▶ [Task description]: Output, exactly as written, the lines of the data below from the one containing "Stripe Boys Curved" to the end.

▶ [Provided material]:
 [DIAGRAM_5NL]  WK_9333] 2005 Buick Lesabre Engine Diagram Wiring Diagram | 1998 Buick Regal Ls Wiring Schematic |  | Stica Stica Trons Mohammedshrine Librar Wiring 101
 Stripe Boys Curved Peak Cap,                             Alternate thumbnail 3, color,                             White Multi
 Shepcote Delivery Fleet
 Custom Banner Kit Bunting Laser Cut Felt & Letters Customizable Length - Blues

▶ [Task answer]:
 Stripe Boys Curved Peak Cap,                             Alternate thumbnail 3, color,                             White Multi
 Shepcote Delivery Fleet
 Custom Banner Kit Bunting Laser Cut Felt & Letters Customizable Length - Blues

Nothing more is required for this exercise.